WO2005090628A1

WO2005090628A1 - Al/si cast alloy containing zn and mg, and method for producing a cast part from one such alloy

Info

Publication number: WO2005090628A1
Application number: PCT/EP2005/002826
Authority: WO
Inventors: Matthew Otte
Original assignee: Hydro Aluminium Deutschland Gmbh
Priority date: 2004-03-20
Filing date: 2005-03-17
Publication date: 2005-09-29
Also published as: DE102004013777B4; DE102004013777A1

Abstract

The invention relates to an Al/Si cast alloy which combines good mechanical properties with a low sensitivity to the creation of internal residual stresses and distortions of the fine structure of the alloy. To this end, the inventive Al/Si cast alloy contains (in wt. %) Zn: 4 - 5 %, Mg: 0,3 - 0,5 %, Fe: 0,2 - 0,6 %, Mn: 0,15 - 0,45 %, and optionally Cu in proportions of 0,1 - 0,5 %, the remainder consisting of aluminium, silicon and unavoidable production-related impurities. The invention also relates to a method whereby cast parts with an appropriately optimised combination of properties can be obtained in a reliable and targeted manner.

Description

AL / SI CAST ALLOY WITH ZN AND MG AND METHOD FOR PRODUCING A CAST PART FROM SUCH AN ALLOY

The invention relates to an Al / Si cast alloy and a method for producing a cast part from such an alloy.

With the known Al / Si alloys, which are used for the production of castings, and the heat treatments used in the production of the castings, it is often only possible with difficulty to achieve an optimal combination of the mechanical properties with at the same time minimized internal stresses and warpage according to the respective To ensure heat treatment safely. Castings that have been cast, for example, from the Al-Si-Cu-Mg alloy known under the name “226S” can be quenched without the risk of residual residual internal stresses in air and can be subjected to artificial aging to improve their processability. It turns out, however, that the cast parts made from the 226S alloy after heat treatment do not meet the requirements for their mechanical properties, such as tensile strength, yield strength and elongation, in many applications. Other Al / Si alloys guarantee the required mechanical properties. However, their use draws the presence of high residual stresses and the risk of Formation of structural distortions in the finished casting itself.

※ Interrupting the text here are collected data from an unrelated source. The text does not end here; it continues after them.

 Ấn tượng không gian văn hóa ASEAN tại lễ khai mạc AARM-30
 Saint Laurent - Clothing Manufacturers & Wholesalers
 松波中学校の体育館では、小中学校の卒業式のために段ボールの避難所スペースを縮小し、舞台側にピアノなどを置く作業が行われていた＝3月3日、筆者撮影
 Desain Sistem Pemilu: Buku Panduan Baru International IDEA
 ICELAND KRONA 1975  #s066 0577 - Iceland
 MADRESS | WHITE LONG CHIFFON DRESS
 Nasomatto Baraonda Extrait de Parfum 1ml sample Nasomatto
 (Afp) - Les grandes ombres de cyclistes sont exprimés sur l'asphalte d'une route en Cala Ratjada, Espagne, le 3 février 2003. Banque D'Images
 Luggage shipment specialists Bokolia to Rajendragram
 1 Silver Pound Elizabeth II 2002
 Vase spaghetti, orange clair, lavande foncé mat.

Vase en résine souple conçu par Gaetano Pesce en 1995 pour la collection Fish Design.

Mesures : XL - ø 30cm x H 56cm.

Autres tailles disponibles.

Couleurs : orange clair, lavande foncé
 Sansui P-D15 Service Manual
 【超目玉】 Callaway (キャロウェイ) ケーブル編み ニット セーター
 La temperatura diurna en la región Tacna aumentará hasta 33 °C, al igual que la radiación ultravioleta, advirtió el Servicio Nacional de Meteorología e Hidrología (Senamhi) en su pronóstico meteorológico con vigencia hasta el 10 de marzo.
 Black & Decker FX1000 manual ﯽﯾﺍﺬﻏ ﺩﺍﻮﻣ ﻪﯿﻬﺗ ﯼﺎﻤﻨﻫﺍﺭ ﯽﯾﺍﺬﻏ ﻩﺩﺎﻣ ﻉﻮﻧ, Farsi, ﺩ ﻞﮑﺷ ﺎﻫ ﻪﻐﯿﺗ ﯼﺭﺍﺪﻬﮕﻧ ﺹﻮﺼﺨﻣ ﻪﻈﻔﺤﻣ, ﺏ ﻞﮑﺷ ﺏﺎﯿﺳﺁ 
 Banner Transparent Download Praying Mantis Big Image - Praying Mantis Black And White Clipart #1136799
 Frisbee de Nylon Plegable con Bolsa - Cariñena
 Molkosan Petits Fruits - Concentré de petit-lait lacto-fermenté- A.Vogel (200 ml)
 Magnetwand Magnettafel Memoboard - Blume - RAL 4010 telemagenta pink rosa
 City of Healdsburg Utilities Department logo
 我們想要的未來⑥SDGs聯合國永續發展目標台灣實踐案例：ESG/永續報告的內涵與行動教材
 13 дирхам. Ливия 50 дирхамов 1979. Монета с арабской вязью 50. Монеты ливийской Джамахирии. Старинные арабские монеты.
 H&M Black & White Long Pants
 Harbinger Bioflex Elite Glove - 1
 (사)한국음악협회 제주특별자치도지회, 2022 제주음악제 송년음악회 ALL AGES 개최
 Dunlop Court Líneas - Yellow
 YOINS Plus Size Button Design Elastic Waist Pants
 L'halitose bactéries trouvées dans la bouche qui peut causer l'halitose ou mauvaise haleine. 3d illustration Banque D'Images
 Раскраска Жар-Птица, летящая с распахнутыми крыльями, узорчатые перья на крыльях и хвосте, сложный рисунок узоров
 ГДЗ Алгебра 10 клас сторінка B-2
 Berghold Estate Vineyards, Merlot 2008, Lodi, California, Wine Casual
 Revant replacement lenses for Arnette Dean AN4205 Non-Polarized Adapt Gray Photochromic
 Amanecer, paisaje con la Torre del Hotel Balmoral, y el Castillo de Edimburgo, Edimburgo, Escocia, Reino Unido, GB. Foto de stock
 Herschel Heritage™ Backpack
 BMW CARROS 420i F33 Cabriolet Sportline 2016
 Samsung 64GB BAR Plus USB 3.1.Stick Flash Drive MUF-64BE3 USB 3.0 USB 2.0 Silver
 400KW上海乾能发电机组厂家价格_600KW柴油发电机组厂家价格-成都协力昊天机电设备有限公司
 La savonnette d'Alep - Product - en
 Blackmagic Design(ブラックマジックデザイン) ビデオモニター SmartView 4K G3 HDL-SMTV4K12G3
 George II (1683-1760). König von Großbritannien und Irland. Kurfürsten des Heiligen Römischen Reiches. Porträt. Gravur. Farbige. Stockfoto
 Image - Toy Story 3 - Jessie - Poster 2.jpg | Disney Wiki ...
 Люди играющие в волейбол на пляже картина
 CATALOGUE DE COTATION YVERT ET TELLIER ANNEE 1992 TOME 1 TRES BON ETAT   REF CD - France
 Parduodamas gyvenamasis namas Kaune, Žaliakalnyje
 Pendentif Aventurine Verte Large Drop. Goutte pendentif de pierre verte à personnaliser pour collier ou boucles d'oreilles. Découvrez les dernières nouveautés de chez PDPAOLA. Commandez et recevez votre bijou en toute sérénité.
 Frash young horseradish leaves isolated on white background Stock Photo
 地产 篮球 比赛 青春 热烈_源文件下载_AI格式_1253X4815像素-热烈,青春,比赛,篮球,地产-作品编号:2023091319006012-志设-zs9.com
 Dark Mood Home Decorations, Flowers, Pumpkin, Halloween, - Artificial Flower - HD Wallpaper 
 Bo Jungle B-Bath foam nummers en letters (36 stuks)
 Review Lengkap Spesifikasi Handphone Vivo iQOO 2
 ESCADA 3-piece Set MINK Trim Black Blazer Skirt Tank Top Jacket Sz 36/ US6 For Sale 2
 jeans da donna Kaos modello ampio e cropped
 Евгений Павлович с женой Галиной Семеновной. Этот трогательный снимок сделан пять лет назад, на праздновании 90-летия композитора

Attempts to overcome these disadvantages by changing the known alloys or by adding other or further alloying elements have as a rule been unsuccessful. Thus, an alloy known under the name "Autodur" (AlSilOZnδ) has, in addition to magnesium, additionally high proportions of zinc of approximately 10% by weight. These make it possible to process a casting made from the Autodur alloy without heat treatment. However, it turns out that the microstructure obtained in the casting and the mechanical properties of the known alloy are unstable. In addition, there is an increased sensitivity to corrosion and quenching of the known material.

The object of the invention was to create an Al / Si cast alloy in which good mechanical properties are combined with a low sensitivity to the development of residual internal stresses and warpage of its microstructure. In addition, a method is to be specified with which castings can be produced safely and in a targeted manner with a correspondingly optimized combination of properties.

With regard to the material, this task is solved by an Al / Si cast alloy, which in addition to aluminum, silicon and impurities (in% by weight) that are unavoidable in production (4 - 5% Zn, 0.3 - 0.5% Mg, 0 , 2 - 0.6% Fe, 0.15 - 0.45% Mn and optionally 0.1 - 0.5% Cu. The silicon contents are usually in the range from 5 to 18% by weight. The invention is based on an Al alloy which has silicon contents which are in the usual range for good castability. Magnesium and zinc contents are added to this basic alloy in order to effect precipitation hardening based on the Al-Mg-Zn precipitation system. The Zn and Mg contents provided according to the invention ensure a flexibly adaptable starting point for setting the properties of the alloy according to the invention.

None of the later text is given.